Free 2-hour course by Andrew Ng and Isa Fulford. Covers zero-shot, few-shot, chain-of-thought prompting, iterative refinement, and building applications with the OpenAI API.
Install Cursor IDE and connect it to your Claude or OpenAI API key. Work through the DeepLearning.AI course and write 10 prompts that solve real coding tasks you face at work. For each prompt, note: what worked, what failed, and why.
Robert C. Martin's foundational rules for writing readable, intention-revealing code. These three chapters alone will permanently change how you name variables, size functions, and write comments.
Pick one real module or file from a codebase you work on. Apply the naming and function-size rules from Clean Code Ch. 1–3. Commit the before and after as two separate commits. Write a short comment in the commit message explaining each change.
Practical guide to technical writing by Jared Bhatti et al. The first two chapters cover why documentation matters, who your audience is, and what makes a README actually useful.
Write or completely rewrite the README for one of your projects. Include: what the project does, how to set it up, how to use it, and one concrete usage example. Share it with at least one peer and ask: "Is anything unclear?"
Free 2.5-hour course by Isa Fulford and Andrew Ng. Covers chaining prompts, building multi-step pipelines, evaluation frameworks, and best practices for production LLM systems.
Build a CLI tool that uses an LLM API to automate a dev task you do regularly. Good options: auto-generate commit messages from git diff, summarize PR descriptions, or answer questions about a codebase file. Commit to GitHub with a working README.
David Thomas and Andrew Hunt's foundational guide for software craftspeople. Chapter 1 covers responsibility and avoiding broken windows. Chapter 2 covers DRY, orthogonality, tracer bullets, and prototyping.
Scan a codebase you own or contribute to and identify 3 "broken windows": messy code, dead code, misleading names, or known tech debt that nobody has fixed. Fix each one. Document what was wrong, what you changed, and which Pragmatic Programmer principle applies.
GitLab's publicly available guide on async-first communication, written decisions, and reducing meeting dependency. Essential reading for distributed and remote developer teams.
Record a Loom (or equivalent) video of at most 3 minutes showing your AI CLI tool to a non-technical colleague. Focus on the problem it solves, not the code. Share the link with at least one person and ask for one line of feedback.

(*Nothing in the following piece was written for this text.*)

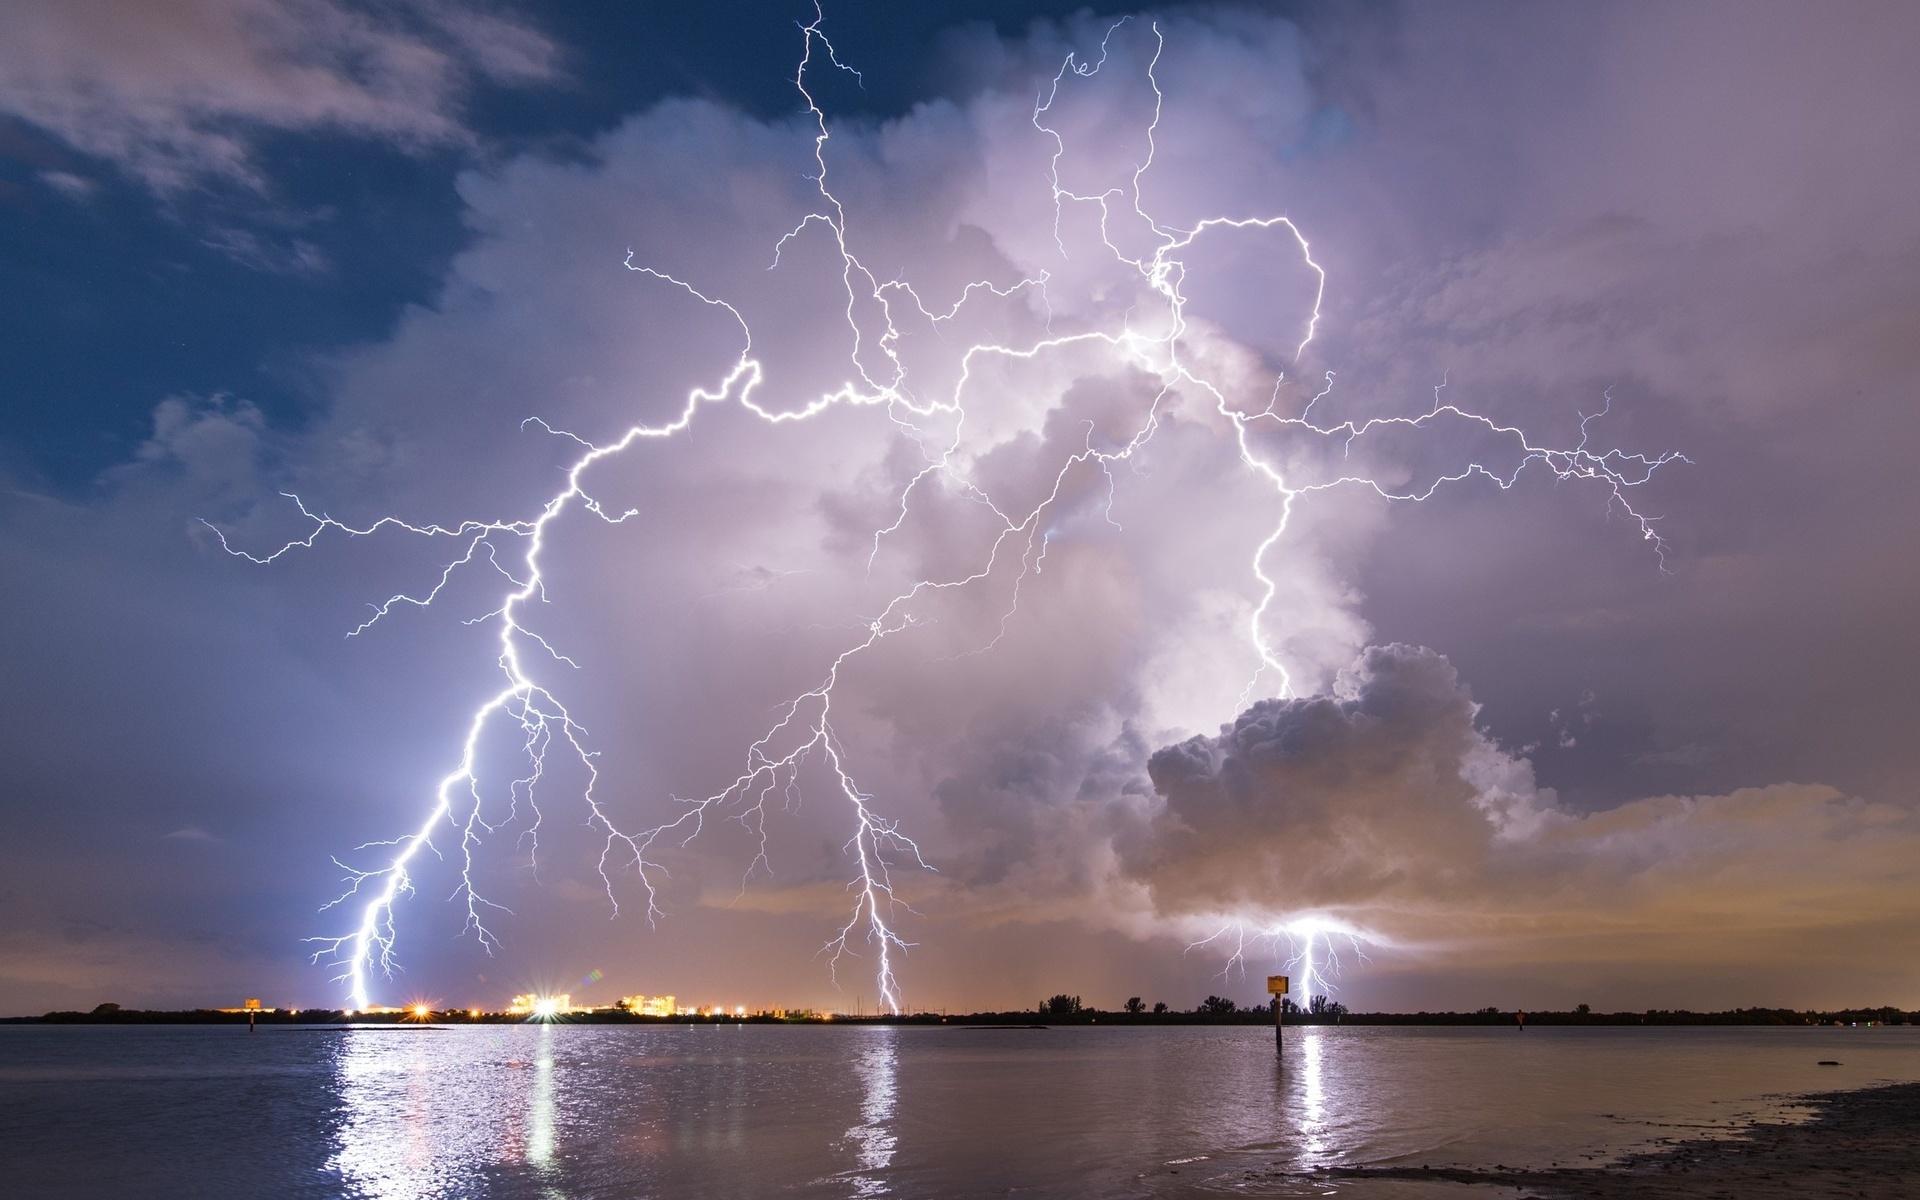 свою красивые картинки погодных явлений этой

Free 3-hour course by Harrison Chase and Andrew Ng. Covers LangChain models, prompts, parsers, memory, chains, and question-answering over documents — the building blocks of real LLM apps.
Extend the CLI tool from Week 2 using LangChain. Add one of: a second chained prompt step, conversation memory across turns, or a document Q&A feature over a local file. Push to GitHub and update the README with what changed and why.
Robert C. Martin's definitive talk on the five SOLID principles: Single Responsibility, Open/Closed, Liskov Substitution, Interface Segregation, and Dependency Inversion. Free on YouTube, ~1.5h.
Draw a simple architecture diagram for one of your existing projects (boxes and arrows is fine, use Excalidraw or draw.io). Label the components. Then identify at least 2 places that violate one of the SOLID principles and write a short note on how you would fix each.
Austin Kleon's practical guide on sharing your work publicly as a creative professional. Chapters 1–4 cover the mindset shift from hiding to sharing, the power of process documentation, and building an audience by being useful.
Write and publish a LinkedIn post of at least 200 words about something you built or learned in this training so far. Include a screenshot, diagram, or code snippet. Do not wait for it to be perfect — publish and move on.
Free 2-hour course covering OpenAI function calling, LangChain tools, routing, and building agents with ReAct. The natural next step after LangChain for LLM Application Development.
Do a final pass on your AI tool: add proper error handling for the main failure cases, write a test for the core happy path, and clean up the README. Then deploy it (even a simple GitHub release) or share it in a dev community — Slack, Discord, or a GitHub discussion.
Martin Kleppmann's definitive book on modern system design. Chapter 1 defines the three pillars every senior developer is expected to reason about: reliability, scalability, and maintainability.
Write a 1-page design doc for a system you would build to solve a real problem you have encountered. Include: problem statement, key constraints, main components and their responsibilities, and at least one trade-off you consciously made. Use Kleppmann Ch. 1 vocabulary: reliability, scalability, maintainability.
John Sonmez's guide to treating a developer career as a business. The first five chapters cover career positioning, finding your niche, personal branding, and setting professional goals.
Using AI assistance, rewrite your GitHub profile README and your LinkedIn About section. They should clearly state what you build, what you are learning, and what you are looking for. Publish one public 3-month learning goal — in a LinkedIn post, a pinned GitHub gist, or your profile README.